О спорах в высших сферах нацистского командования хорошо известно, меньше мы знаем о дискуссиях на аналогичные темы среди советских руководителей. Некоторые аспекты этих дискуссий были преданы гласности много времени спустя, в хрущевскую эпоху, в тех первых исторических работах, которые ставили под сомнение правильность военных решений Сталина. С той поры к ним прибавилось немало свидетельств непосредственных участников событий, причем некоторые из этих свидетельств отнюдь не недоброжелательны по отношению к Сталину. В своей совокупности они позволяют ныне более полно воссоздать картину столкновения мнений.

Возглавлявший тогда Генеральный штаб маршал Жуков рассказывает, что уже в конце июля он со своими сотрудниками по Генштабу предвидел возможность поворота на юг действовавших в центре немецких танковых армий. На этот случай он предлагал усилить стык между центральным и южным участками советского фронта и отвести войска на более прочные оборонительные рубежи, оставив все плацдармы на правом берегу Днепра в его среднем течении. Киев, расположенный как раз на западном берегу, тоже нужно было отдать врагу. Потеря тяжелая и с психологический точки зрения. Вот уже несколько недель стены домов в столице Украины были обклеены плакатами, на которых говорилось: «Киев был и будет советским». К тому же именно в эти дни Сталин, несколько приободренный приостановкой немецкого наступления, заверил специального помощника Рузвельта Гопкинса, что рассчитывает задержать врага до зимы примерно на тех рубежах, которых он достиг, и, во всяком случае, не допустить его в Ленинград, Москву и Киев[52], Сталин поэтому раздраженно отверг предложения Жукова, назвав их «чепухой». Генерал попросил освободить его от занимаемой должности, что и было сделано[53].

Проблема, однако, так и не была решена. В первых числах августа немцы умелым маневром добились внушительного успеха, окружив под Уманью, то есть к югу от Киева, многочисленные части двух советских армий и открыв себе путь к быстрому продвижению вдоль всего правого берега Днепра. Киев оказался на острие опасно выдвинувшегося выступа. Документы, опубликованные до сего дня, свидетельствуют о том, что с этого момента возникла постоянная напряженность в отношениях между местным советским командованием (т. е. командованием Юго-Западного фронта, возглавлявшимся /36/ по-прежнему Кирпоносом, и вышестоящим командованием Юго-Западного направления, во главе которого стояли Буденный и в качестве политического комиссара Хрущев) и Ставкой Верховного Главнокомандования в Москве[54]. Поступавшие с юга просьбы об отступлении или присылке подкреплений к столице Украины, как привило, отвергались или удовлетворялись неохотно и с опозданием.

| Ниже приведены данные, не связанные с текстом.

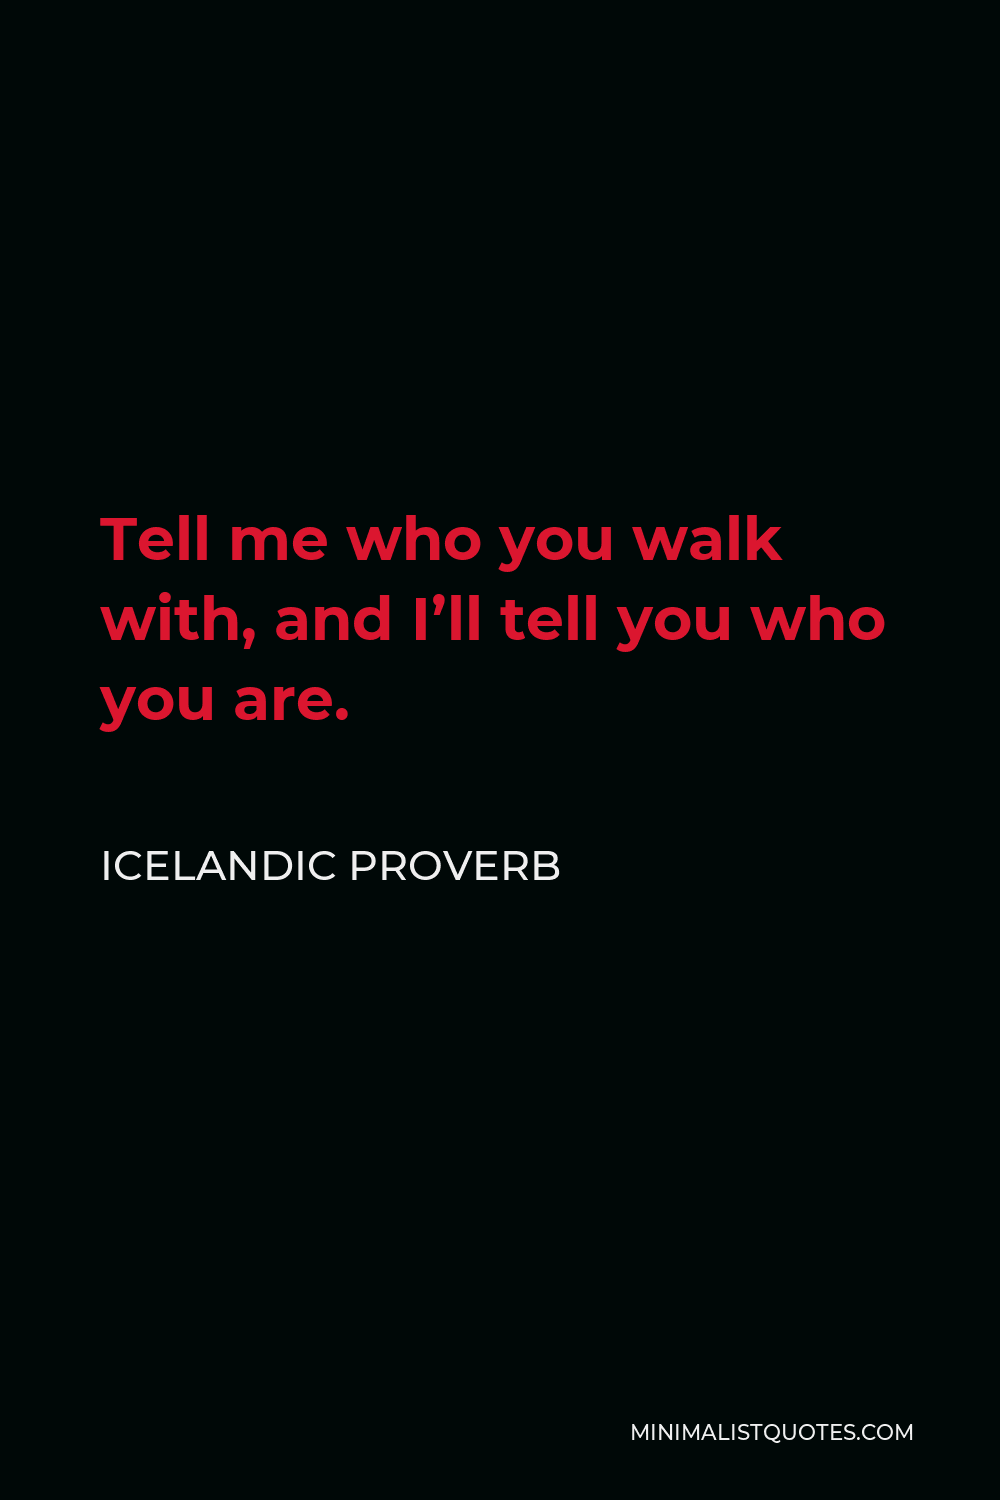 Icelandic Proverb Quote - Tell me who you walk with, and I’ll tell you who you are.

Угроза для всего левого фланга советского фронта резко усугубилась, когда танки генерала Гудериана из района Смоленска продвинулись к Гомелю и Стародубу, то есть в том направлении, где целью могла оставаться и Москва, но могло быть и дальнейшее продвижение на юг. Поскольку Сталин опасался, что маневр Гудериана предпринят с целью открыть путь к столице (похоже, это опасение разделял и маршал Шапошников, вновь назначенный на пост начальника Генерального штаба), особые надежды возлагались на Брянский фронт, созданный специально для предотвращения этой угрозы. Командующий фронтом Еременко торжественно обещал Сталину разбить этого «подлеца Гудериана»[55]. В действительности у Еременко не было ни сил, ни способностей для выполнения этой задачи. Когда по приказу Гитлера немецкие танковые колонны продолжили наступление на юг, он не сумел даже нанести им серьезного удара во фланг. Наступление Гудериана шло по линии, сходящейся с направлением удара, который немцы сумели нанести силами южной части своего фронта, действовавшими с предмостных укреплений на левом берегу Днепра. Так вырисовывалась неотвратимая угроза окружения всего советского Юго-Западного фронта, удерживавшего Киевский плацдарм.

Киев в смертельном мешке

Опасность приобрела катастрофический характер в те же дни, когда нацисты подошли к подступам окруженного Ленинграда. Южные клещи сжимались все больше. 15 сентября они сомкнулись. Приказа об отступлении все не было. В киевском мешке оказались окруженными четыре советские армии. В роковые последние дни перед катастрофой обмен посланиями между местным командованием и Москвой носил все более драматический характер. Однако, несмотря ни на что, приказ контратаковать немцев и оборонять Киев оставался неизменным. Буденный, настаивавший на другом решении, был за это освобожден от обязанностей главкома Юго-Западного направления. Даже после того как кольцо окружения сомкнулось, указание отходить с боем, прорывая вражеский заслон, было отдано не сразу, а с чрезмерным опозданием. Когда Тимошенко, назначенный вместо Буденного, убедился, что другого выхода нет, и послал на самолете офицера с приказом в окруженную группу войск, генерал Кирпонос отказался верить ему. Жесткие установки /37/ Москвы вплоть до этого момента неизменно предписывали ему совсем иное поведение[56].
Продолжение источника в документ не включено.